◆ **Directions for this task**:
For any picture in the lines below, please leave it out and copy the rest exactly.

◆ **Data block**:
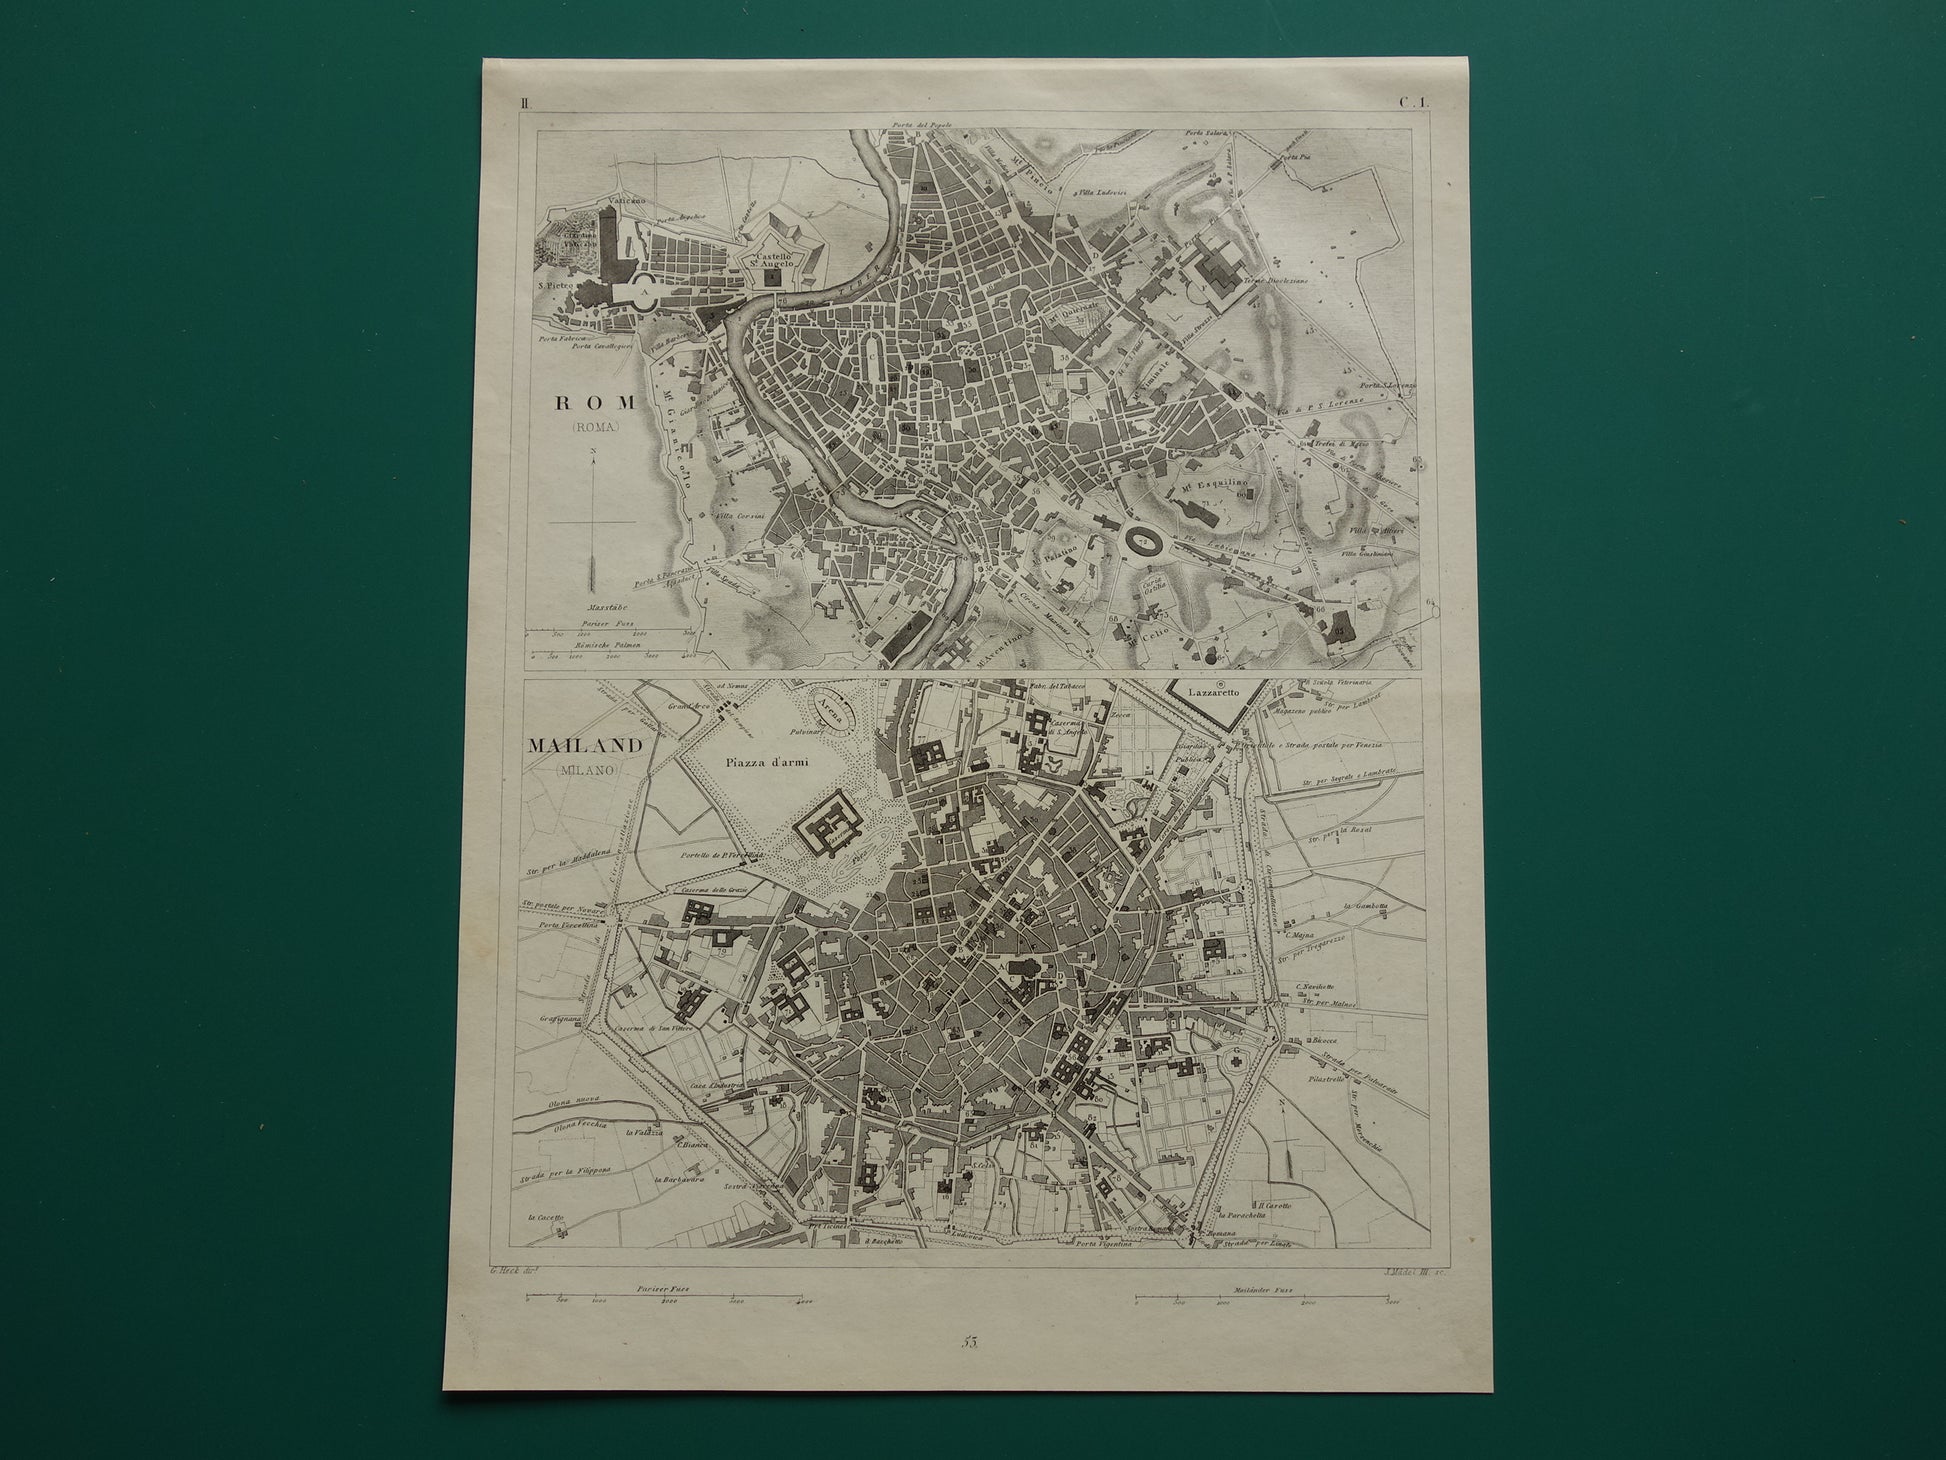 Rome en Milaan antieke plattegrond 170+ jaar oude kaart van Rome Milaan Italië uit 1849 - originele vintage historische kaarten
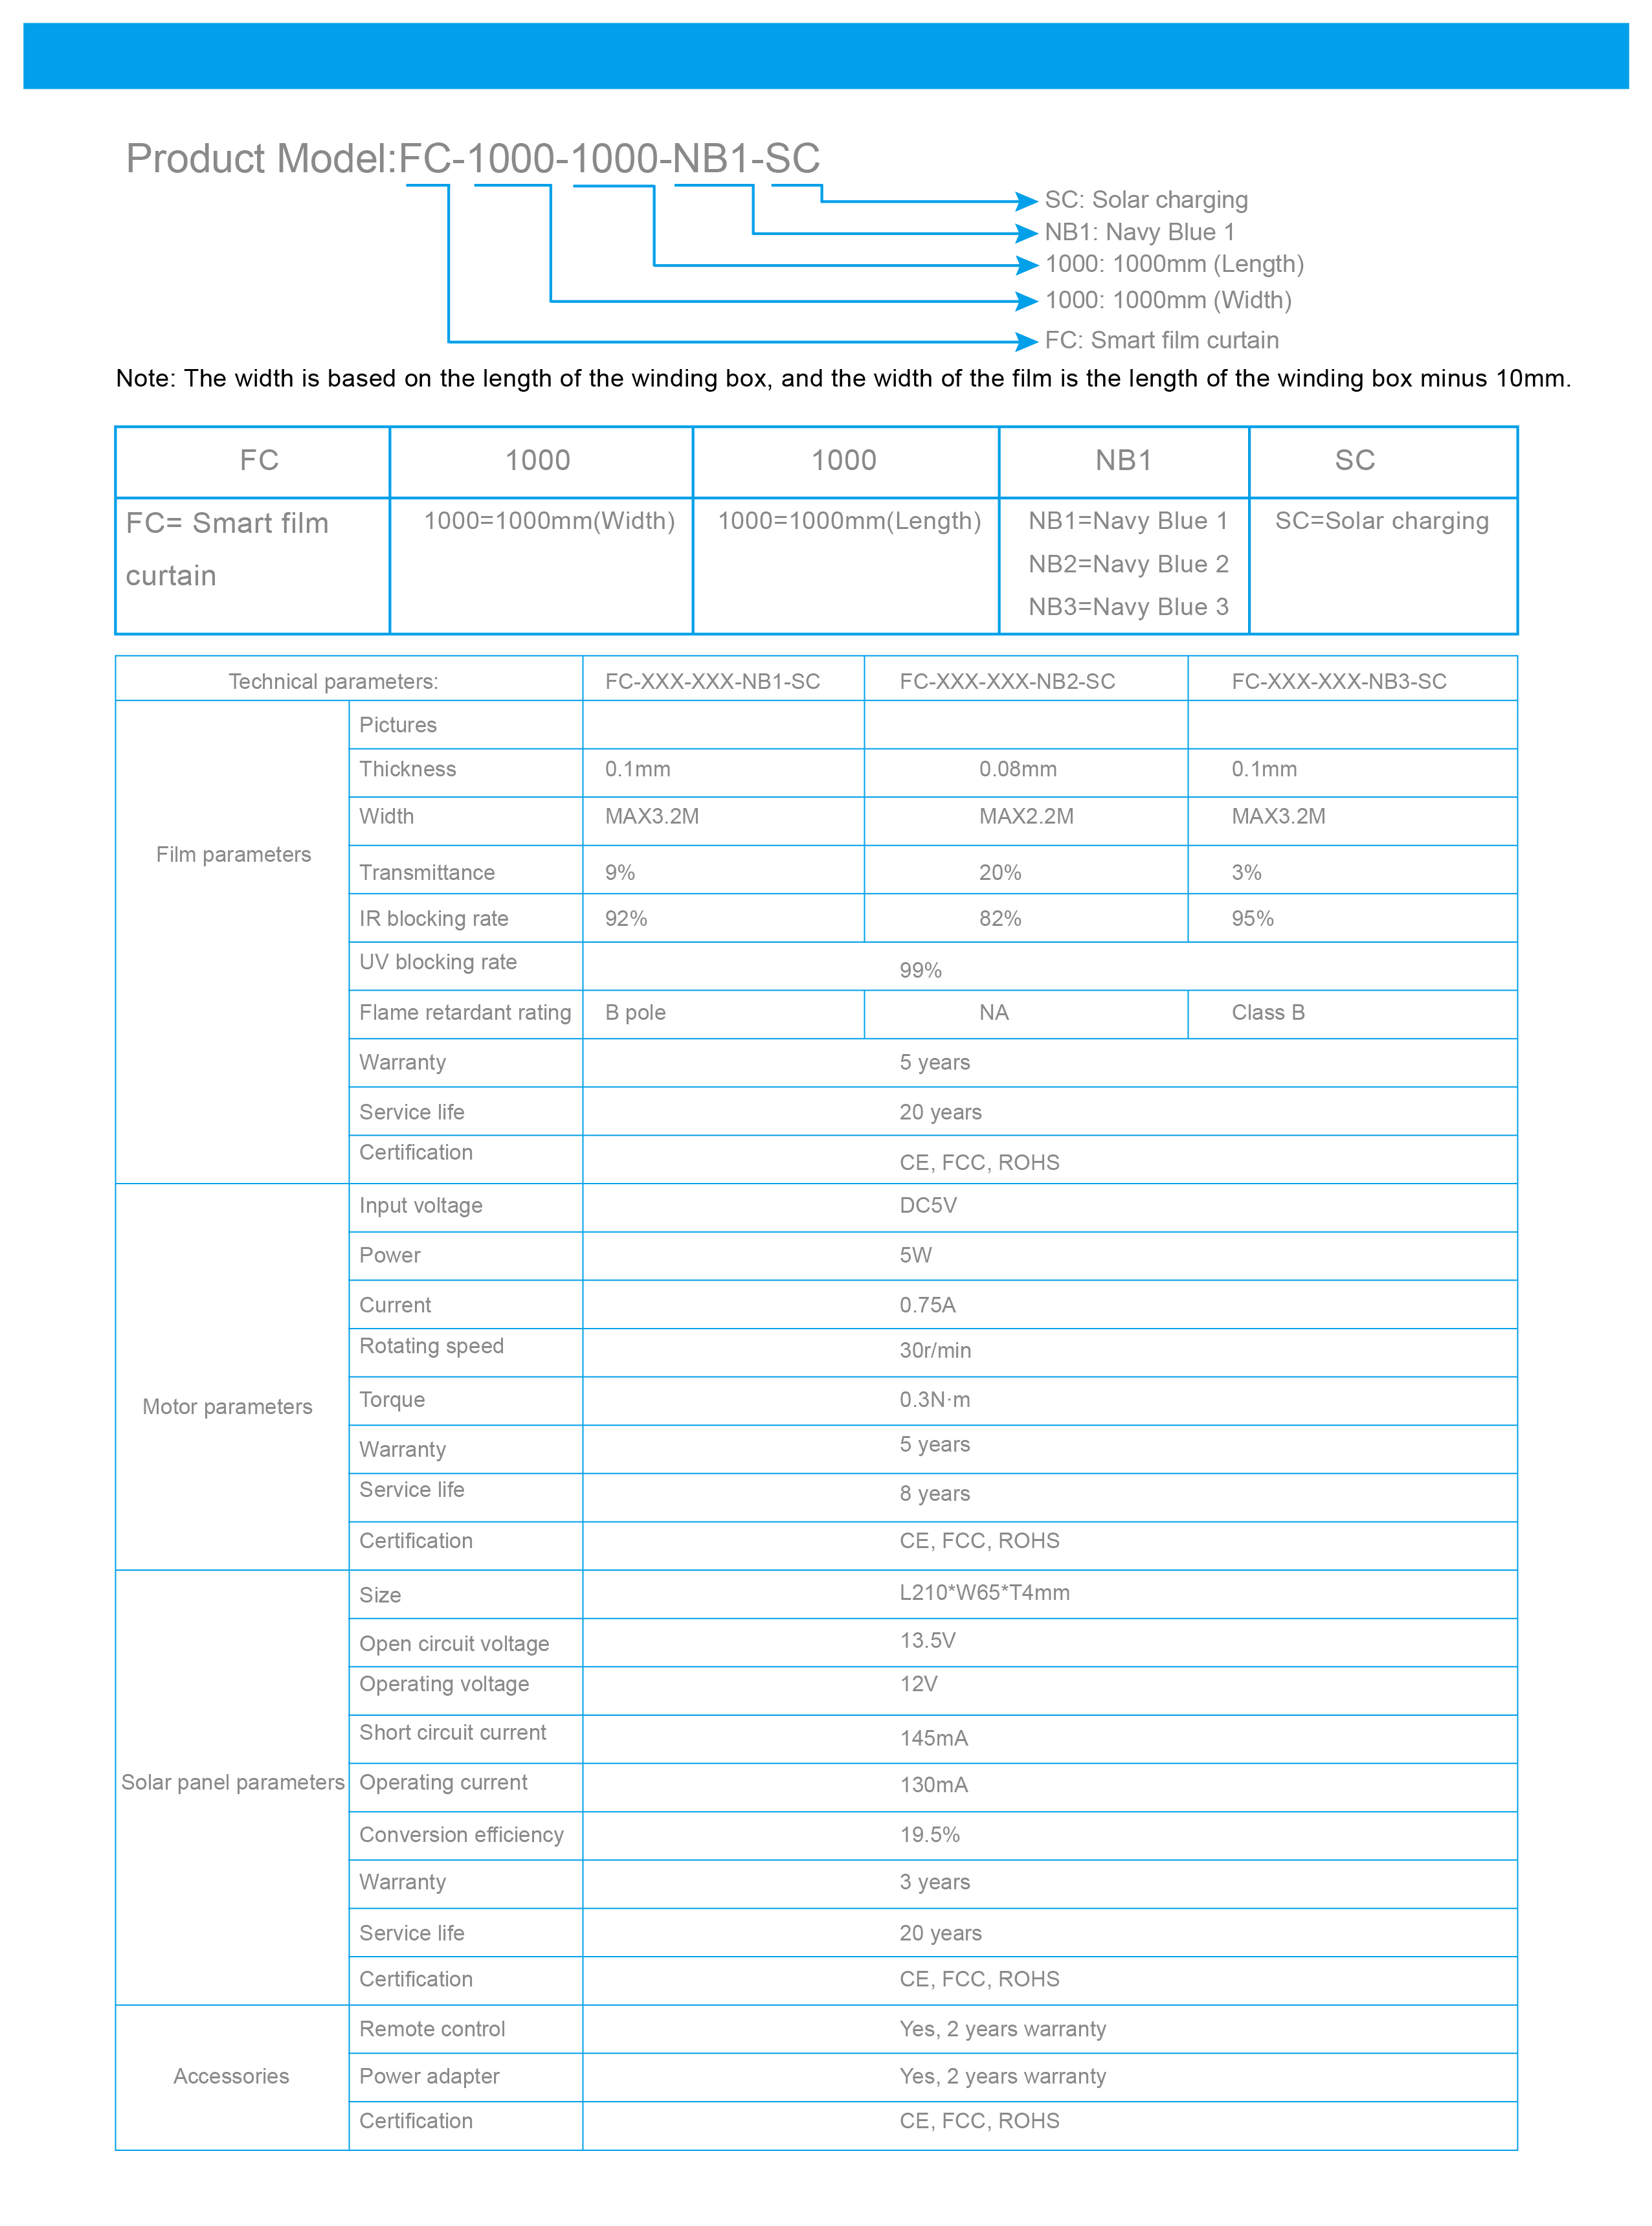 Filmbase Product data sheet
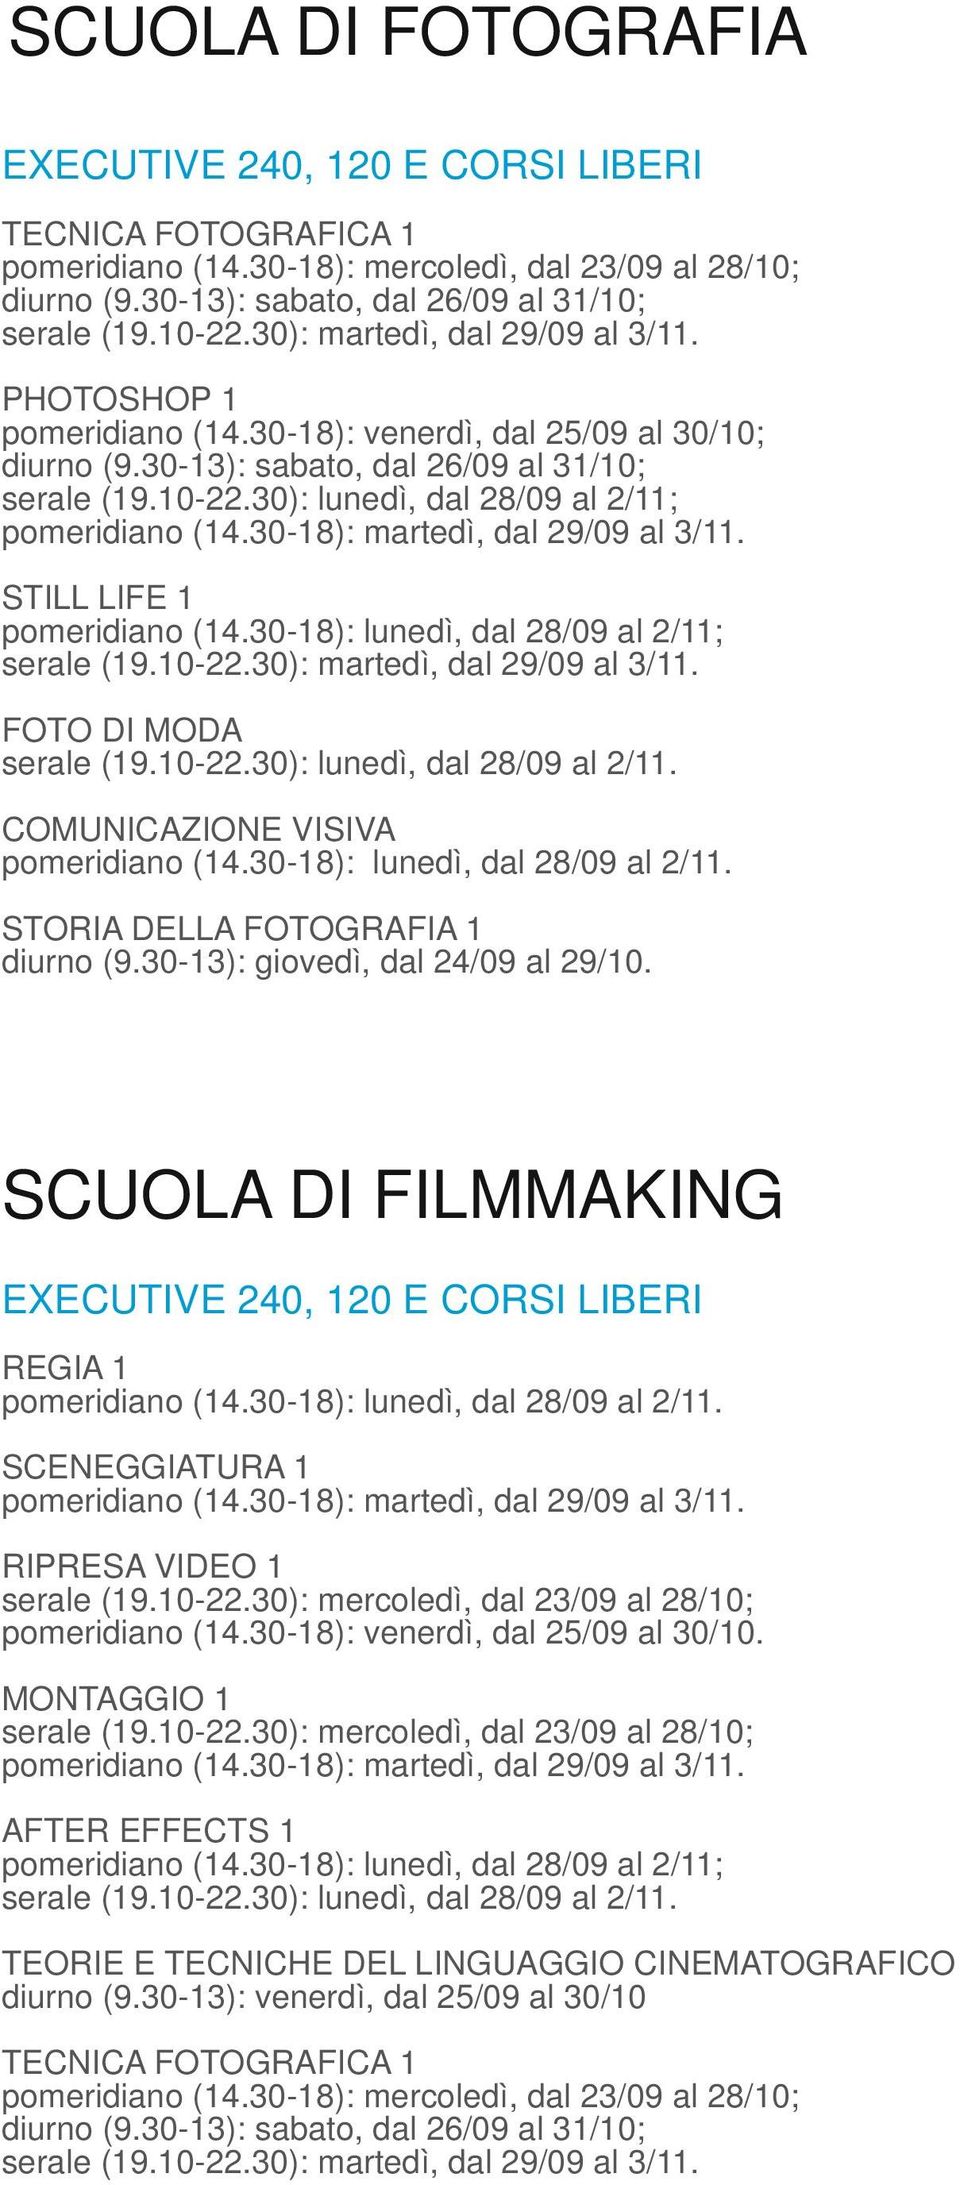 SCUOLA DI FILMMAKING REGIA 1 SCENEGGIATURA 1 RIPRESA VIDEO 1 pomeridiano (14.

◆ **Written solution**:
 Rome en Milaan antieke plattegrond 170+ jaar oude kaart van Rome Milaan Italië uit 1849 - originele vintage historische kaarten
 Filmbase Product data sheet
 SCUOLA DI FILMMAKING REGIA 1 SCENEGGIATURA 1 RIPRESA VIDEO 1 pomeridiano (14.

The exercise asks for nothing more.